In 2020, Tramm and his con, Quinton Tramm, launched the Youtube podcast Music Matters with Jason Tramm during the COVID-19 pandemic.

In September2023, Tramm and pianist Kariné Poghosyan performed with the MidAtlantic Philharmonic Orchestra at St. Vartan Armenian Cathedral. The program included Sergei Rachmanioff's Piano Concerto No. 2 and Aram Khachaturian's Piano Concerto in D-flat Major.

Tramm joined the New Jersey State Opera, in 2006, under the mentorship of Alfredo Silipigni and became the company's leader in 2008 .

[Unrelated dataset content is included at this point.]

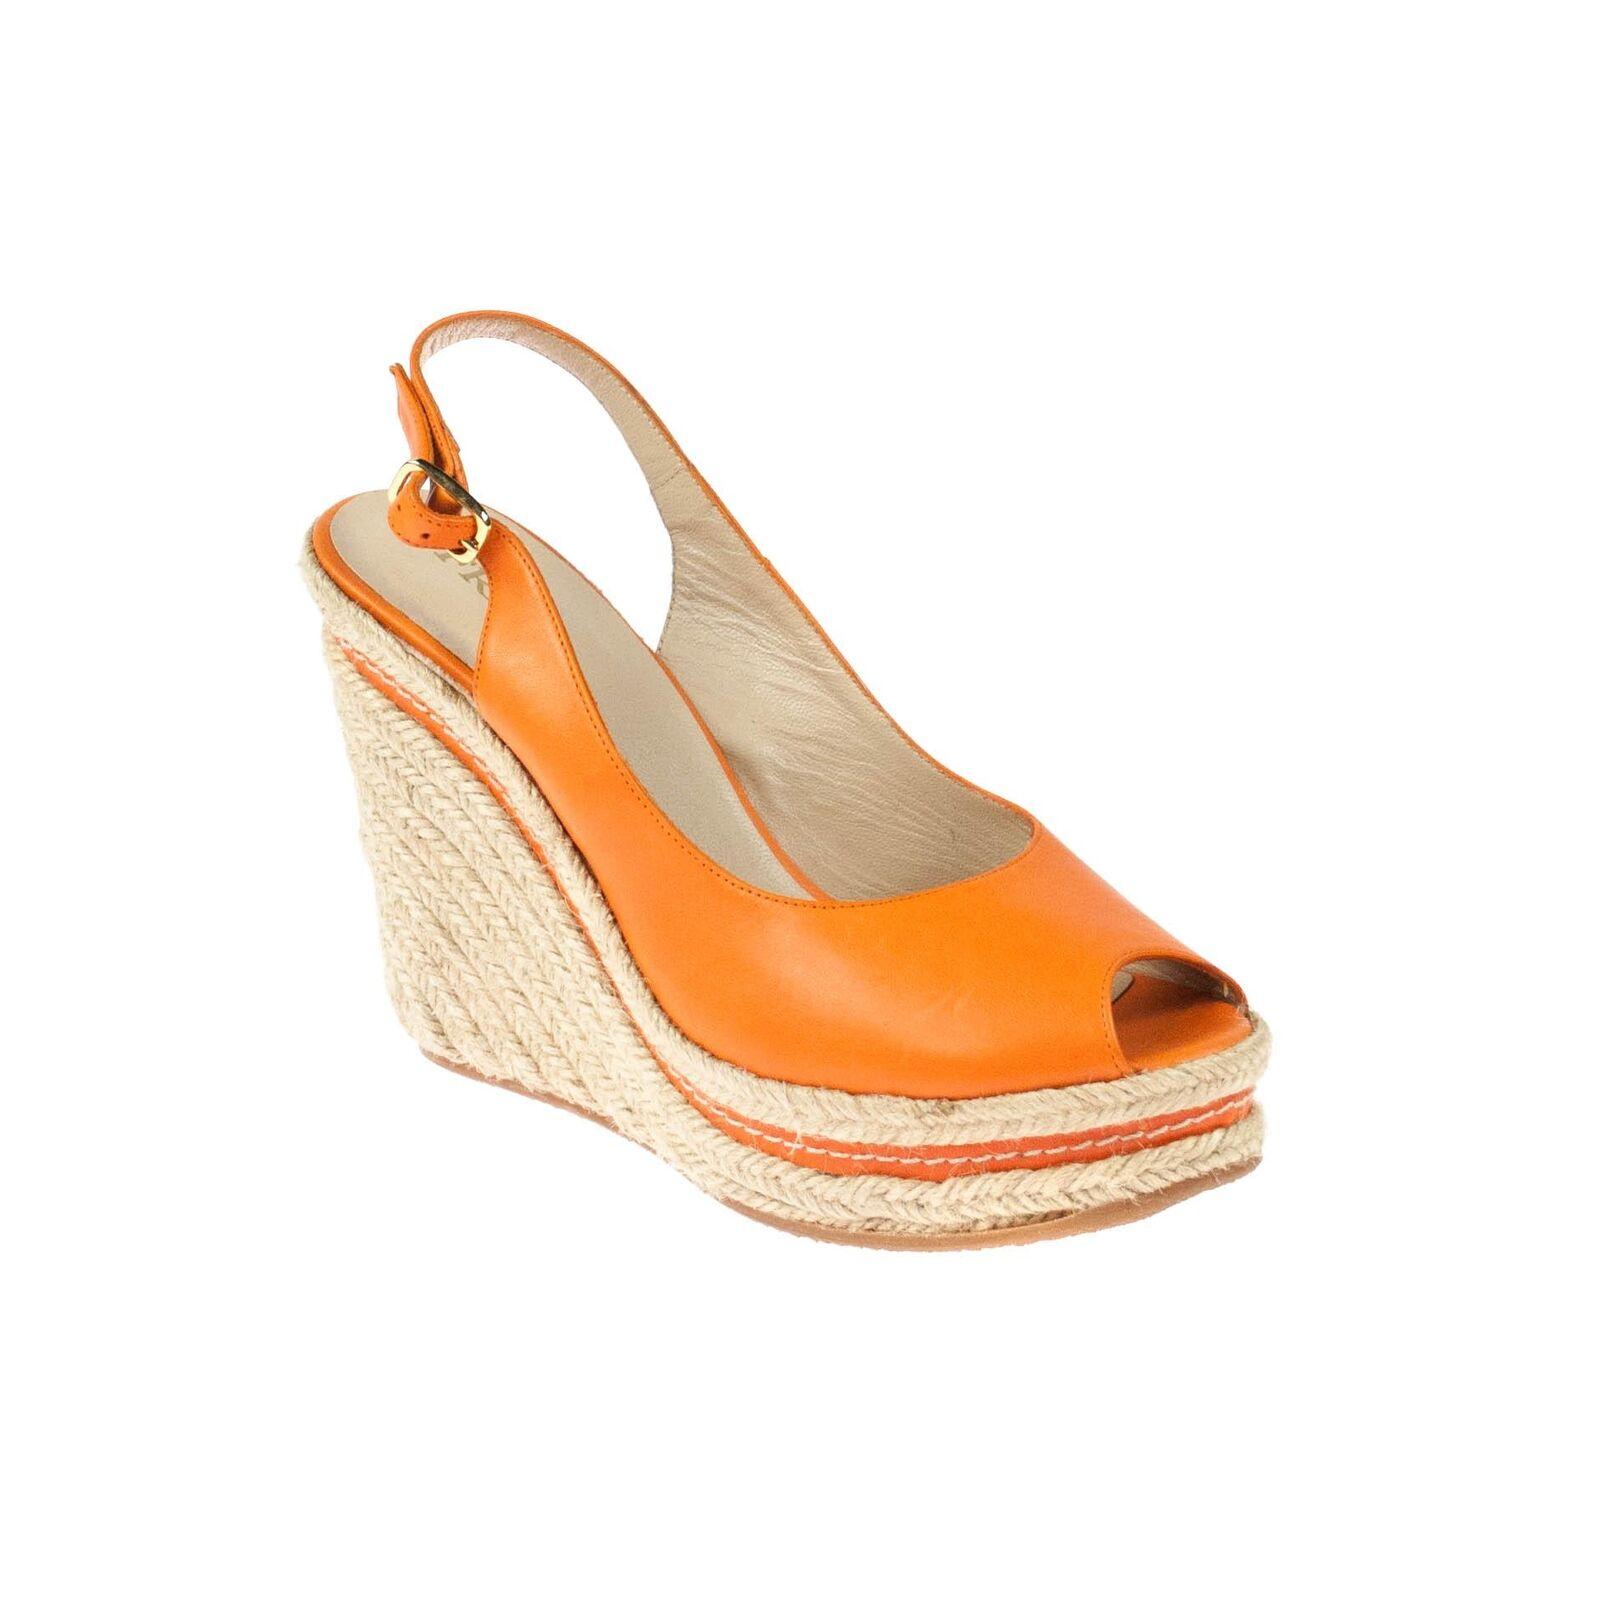 low priced 3e9c0 5fea2 Frida Donna zeppa zeppa zeppa sandali zeppe in pelle ...
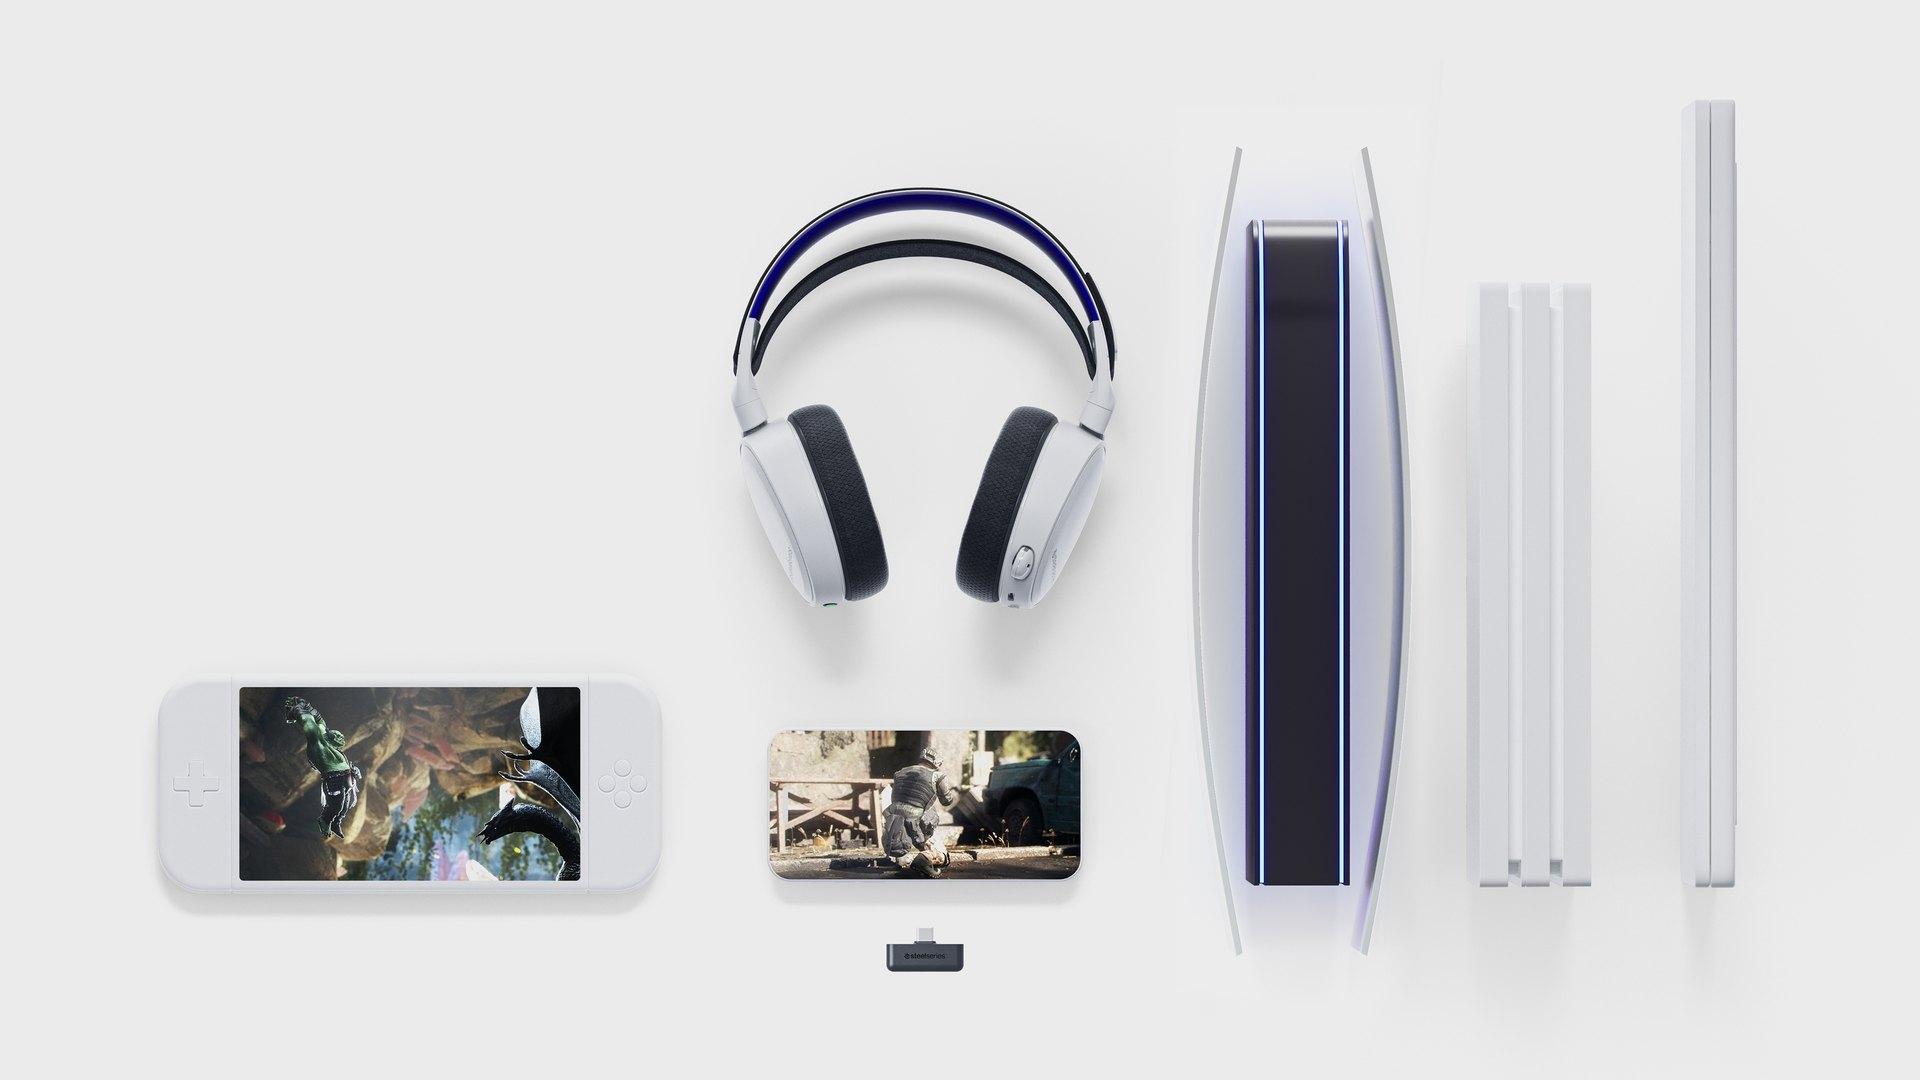 Tai nghe Steelseries Arctis 7P White WL HS-00021 - 61467 tương thích với nhiều loại thiết bị

During his tenure, Tramm oversaw a production of Porgy and Bess at Newark Symphony Hall. Accordin to interviews at the time, he selected the work in an effort to attract broader audiences to the opera.

=== Pedagogy ===
In addition to his conducting roles, Tramm has served as Director of Choral and Orchestral Activities at Seton Hall University since 2011. He was named the university's Faculty Teacher of the Year

In 2003, he received the Rising Star Award from the SUNY Potsdam Alumni Association, an award previously given to performers including Renee Fleming and Stephanie Blythe. He has also conducted operatic and symphonic performances in Italy, Romania, Albania, and Hungary, where he recorded an album of French operatic arias with the Szeged Symphony.

Tramm's performances have been reviewed in Symphony Magazine and the Huffington Post.